First, masonry fell from the Temple of Venus; then a tomb in the Porta Nocera cemetery caved in, prompting Italy’s new Heritage and Culture Minister, Dario Franceschini, to convene the umpteenth emergency meeting between ministers and site officials.

Bad weather has been blamed for the latest collapses, but it is thought that decades of neglect and mismanagement are the real culprits. Perhaps then, a big-budget Hollywood take on the eruption of Mount Vesuvius and subsequent destruction of the city in 79AD might serve the useful purpose of raising the site’s international profile. Could it even succeed in doing for Pompeii what Dan Brown did for Leonardo’s Last Supper in Milan?

“This film will bring in many American tourists, I’m sure,” said Mattia Buondonno, an official Pompeii guide who helped the British director, Paul WS Anderson, to understand the excavations for his $100m-film. “They have done a good job.”

Antonio Varone, an archaeologist, told the Ansa news agency that he was “amused” with certain historical inaccuracies, including a chariot race, but added that if the film helped to “stimulate curiosity” about Pompeii, it would be a good thing.

When you see the word “3D” in front of a Hollywood title, you expect a little artistic licence to have been taken. But Mr Varone’s comments on the historical accuracy of the film were not the only negative notes sounded, even leaving aside the reviews – Variety dismissed it as a camp “sword-and-sandals saga”, that would probably appeal to teenage girls and gay men.

This is because some experts believe the last thing the fragile site needs is more tourists grinding it to dust. According to Clementina Panella, an archaeologist at Rome’s La Sapienza university: “Having millions of visitors just stamping around Pompeii or Venice each year causes its own destruction.

“Tourists need to be directed to other less-known places,” she added.

Tourists look at a body cast during their visit the archeological site of Pompeii (Getty Images)

In 2012, a Unesco report warned that the number of visitors and their careless behaviour was causing considerable damage. It noted that: “Visitors in groups rub against the decorated walls, all too often with their rucksacks, or lean against them to take the best possible photographs.”

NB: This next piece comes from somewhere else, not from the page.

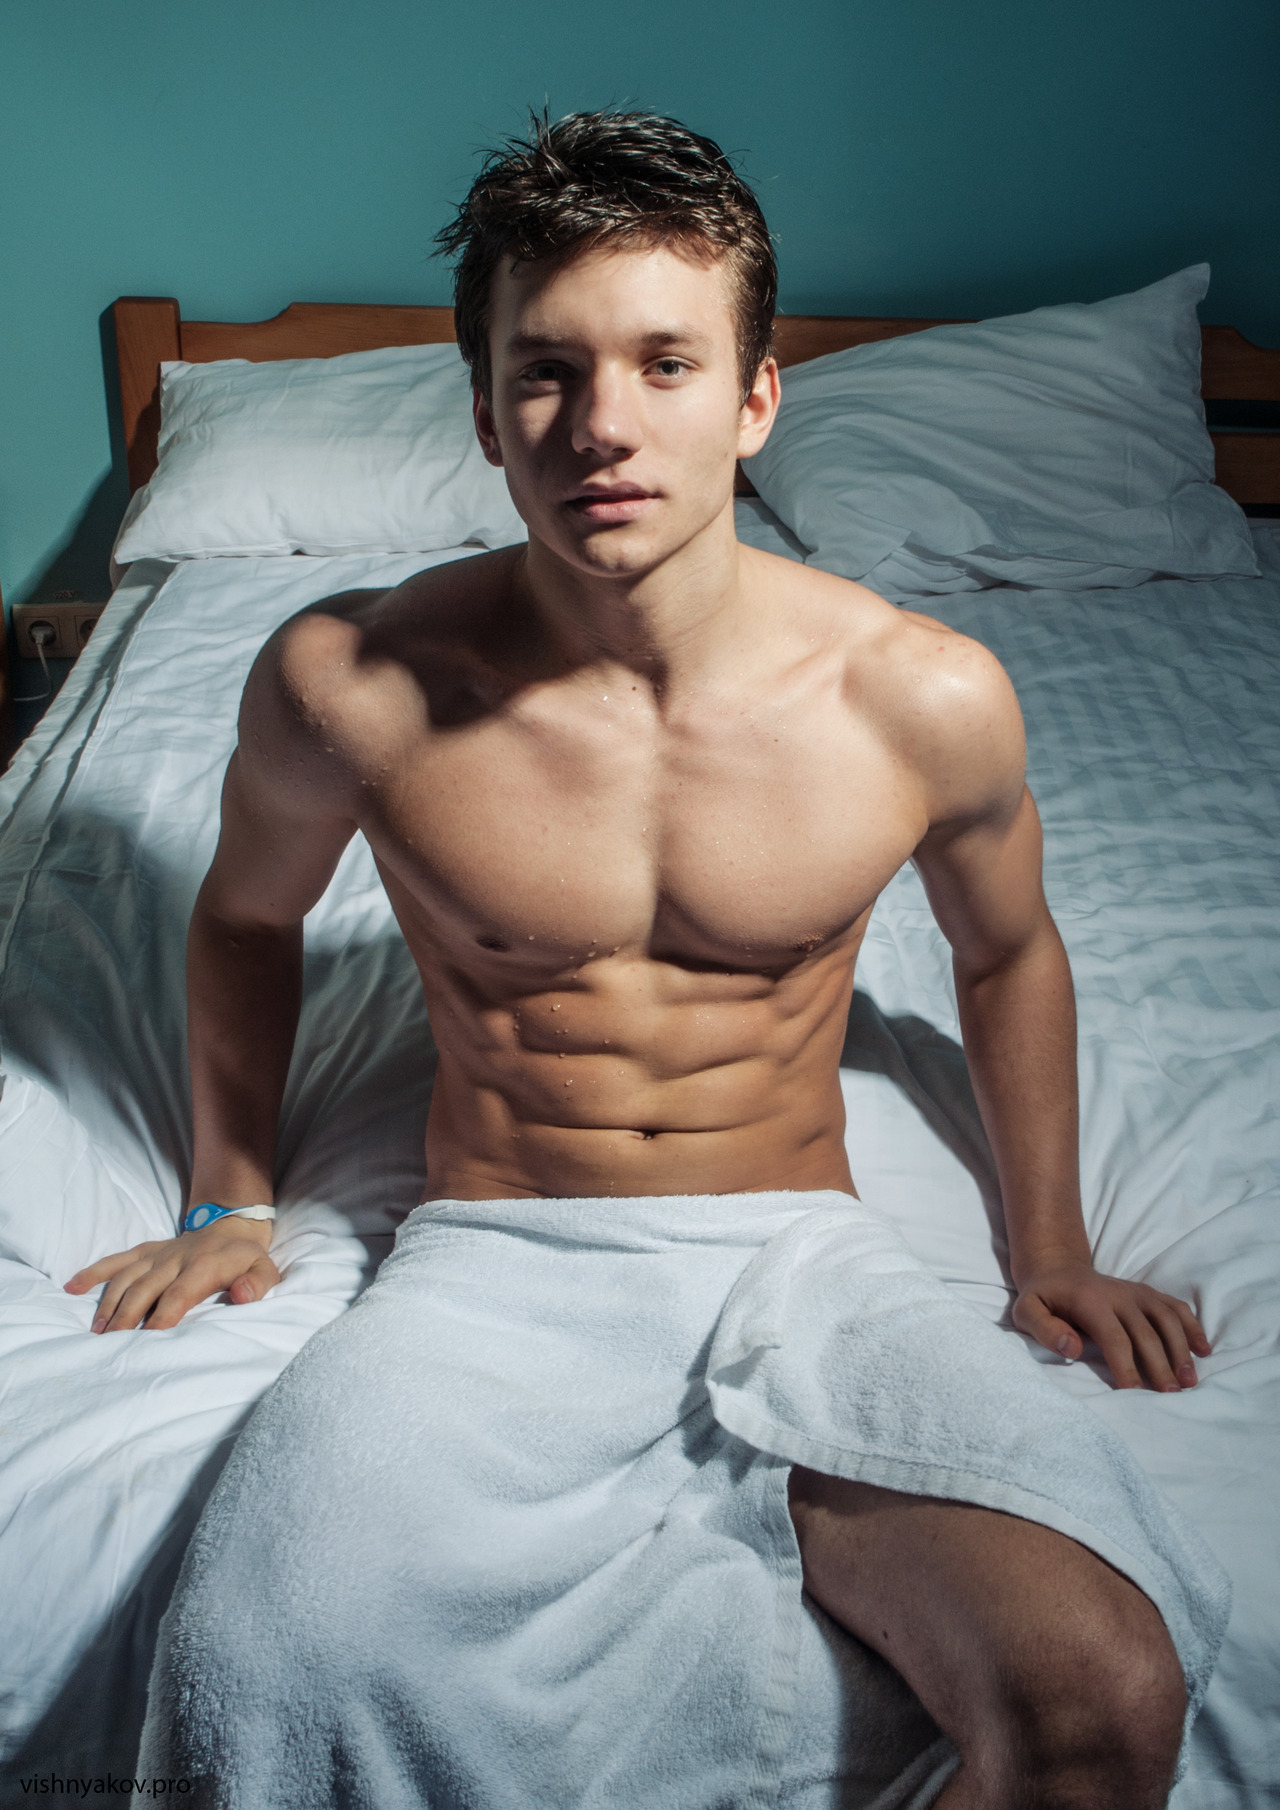 Hot Shirtless Guys : Photo | Attractive Men | Pinterest 
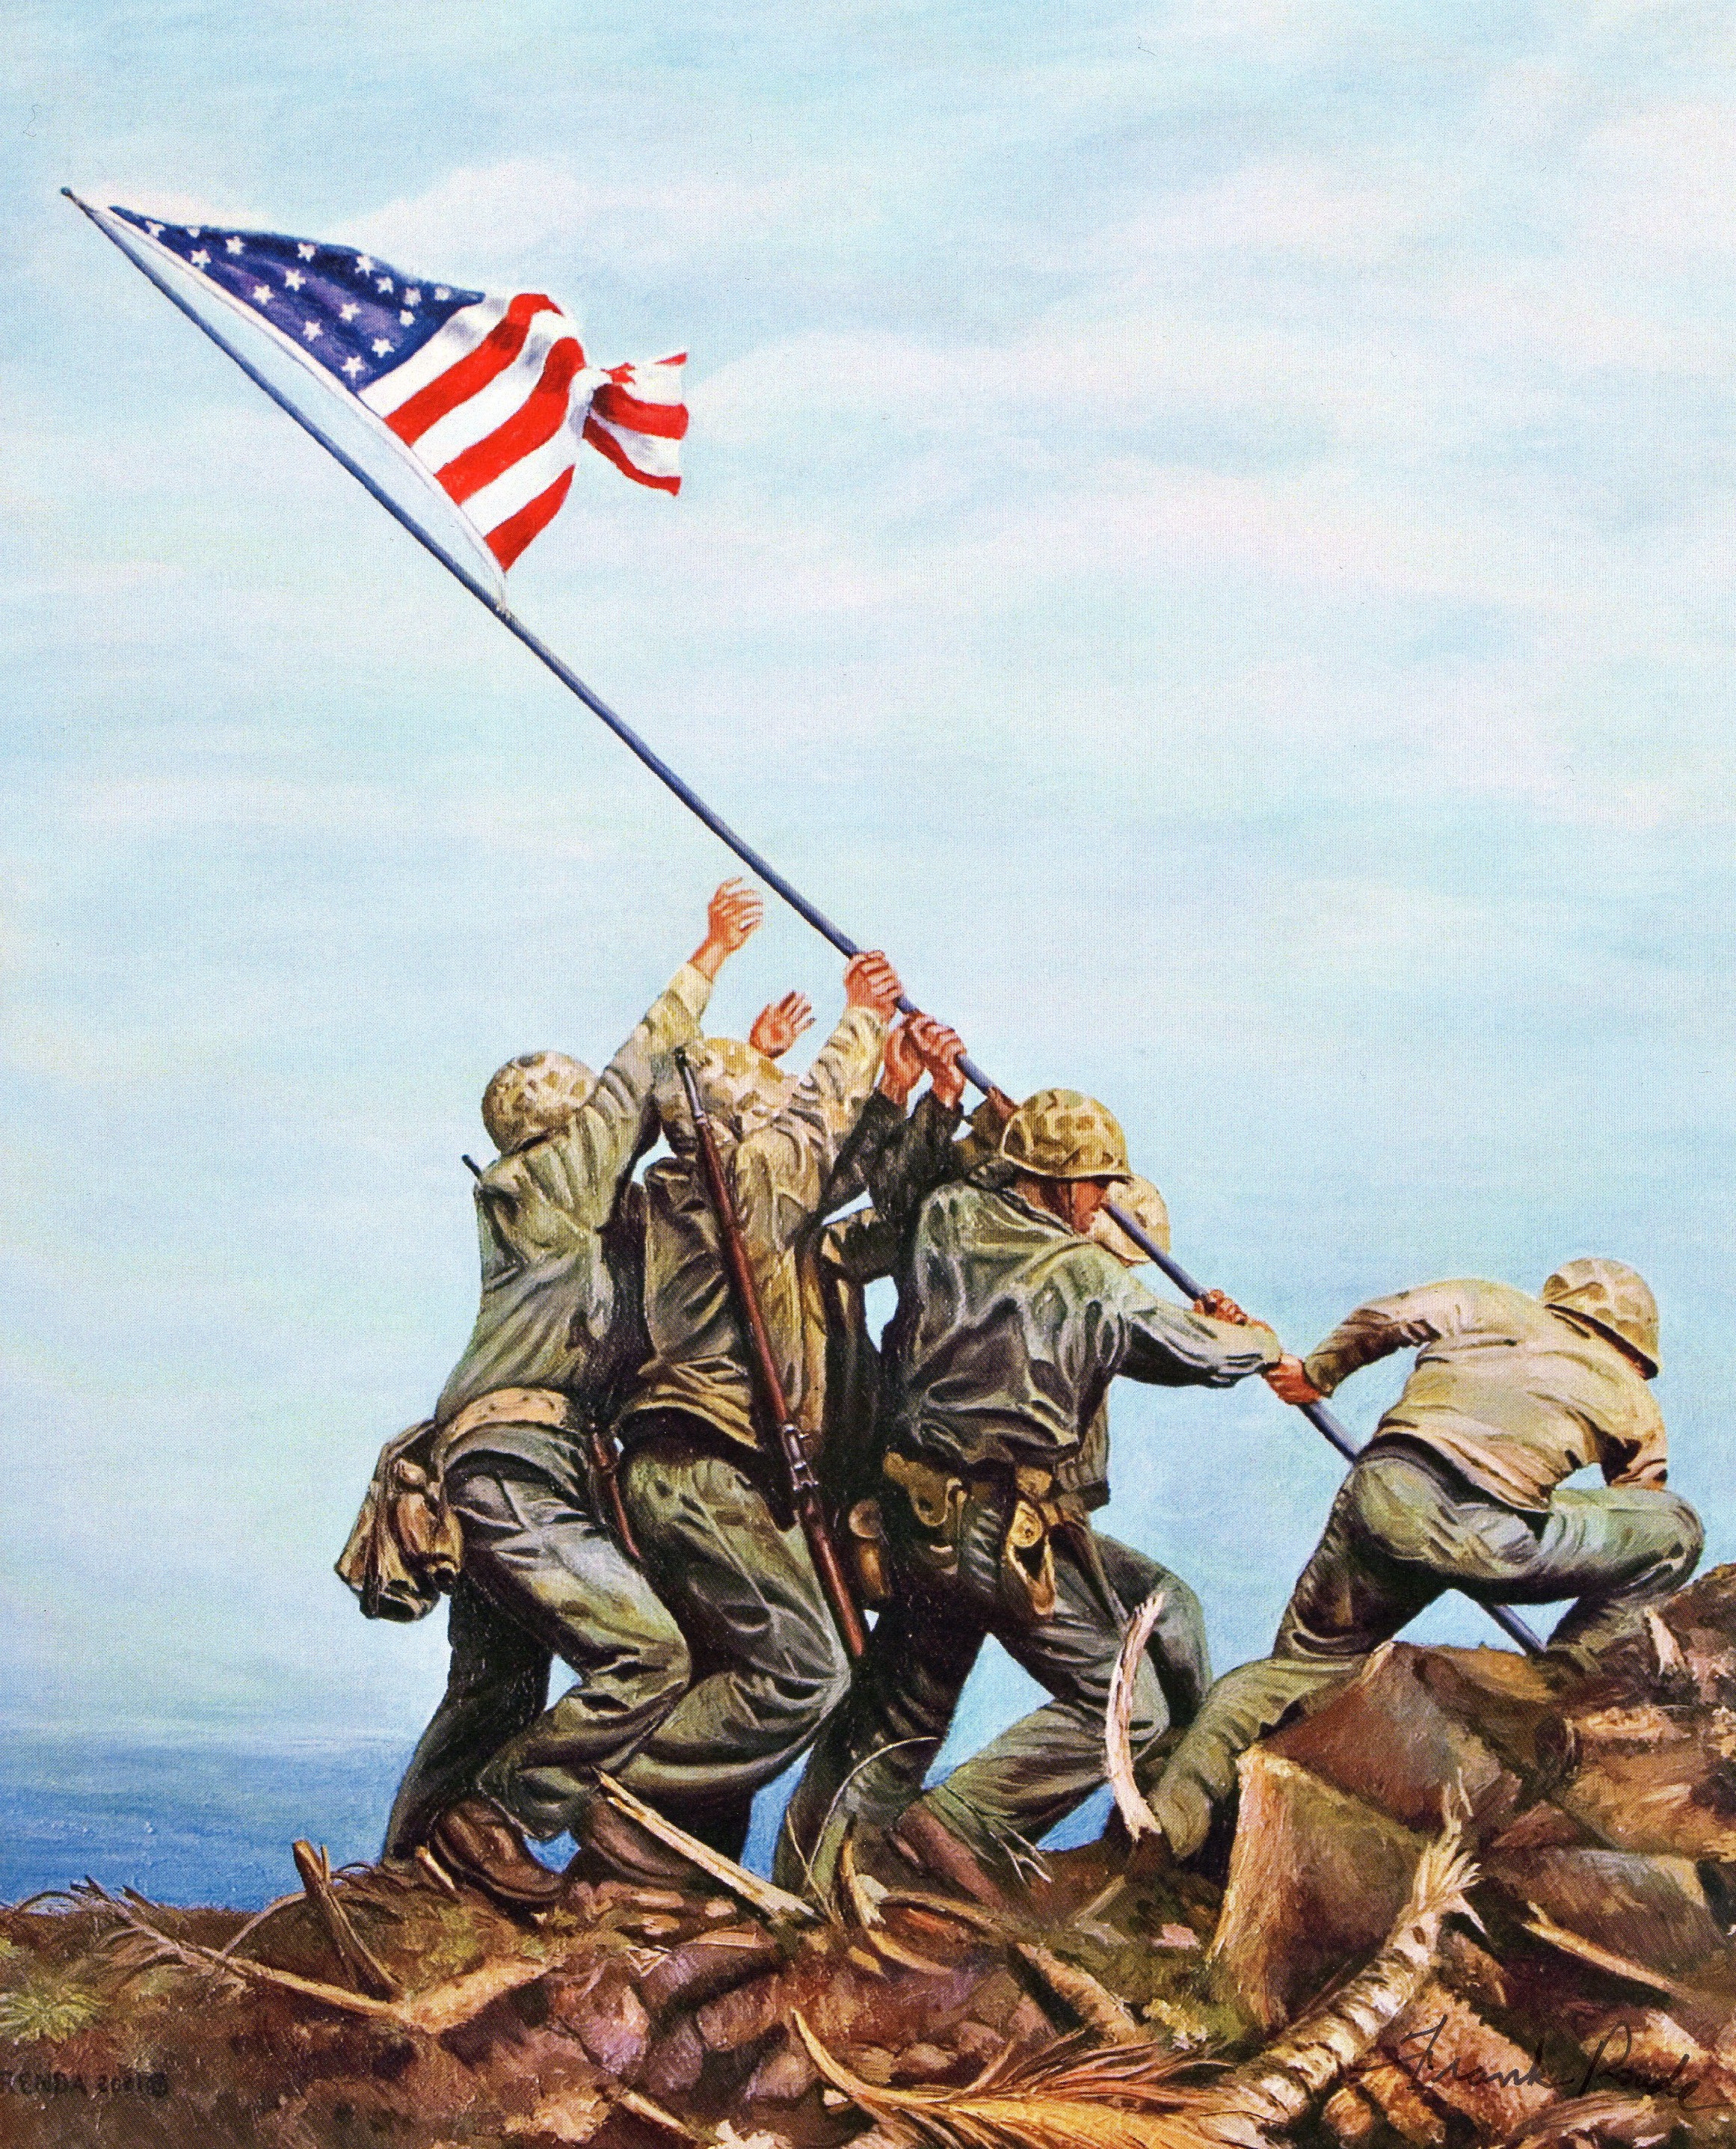 1920x1080px Iwo Jima 231.97 KB 26.03.2015 By Vanilla

For decades Pompeii has withstood the trampling feet of 2.3 million visitors every year. And it is expected to welcome more visitors, with recent restoration work and the reopening of some parts of the site due to boost visits by 300,000 to 2.6 million a year by 2017. What Pompeii needs, said Professor Panella, is intelligent management – in other words, fewer visitors generating the same amount of income.

In addition, the site has not only the weather, but poor management and chronic underfunding to contend with. Observers in the Campania region say the local Camorra mafia is also ready to cream off as much of Pompeii’s financial investments as possible.

In April last year investigators announced a probe into suspected Camorra involvement in Pompeii restoration works undertaken as part of a €105m (£90m) project funded by the Italian government and the European Union.

Some experts say too many tourists visit Pompeii (Getty Images)

EU officials retorted the site’s management had in place “a very strong, anti-mafia infiltration system”.

But other pundits, including Antonio Irlando, the president of the Observatory for Protection of Cultural Heritage in Areas of Crisis campaign group, say concerns about corruption shouldn’t distract attention away from Pompeii’s main problem: a lack of state funds.

Realistically, after decades of neglect, and in a time of economic crisis, there will never be enough government funding. Private sources are the other alternative.

Il Sole 24 Ore, Italy’s respected business newspaper, famously declared in 2010 that the only solution for Pompeii was a private sponsor, which would be allowed to place its logos at the entrance. “Precisely because it belongs to all humanity, its management should be taken away from a state that has shown itself incapable of protecting it,” the newspaper said.

This strategy appears to be working for Rome’s Colosseum, where businessman Diego Della Valle, the man behind the Tod’s footwear brand, is providing £20m to fund a major clean-up and restoration. Commercial Hollywood probably won’t save Italy’s priceless cultural heritage, but bog standard advertising might.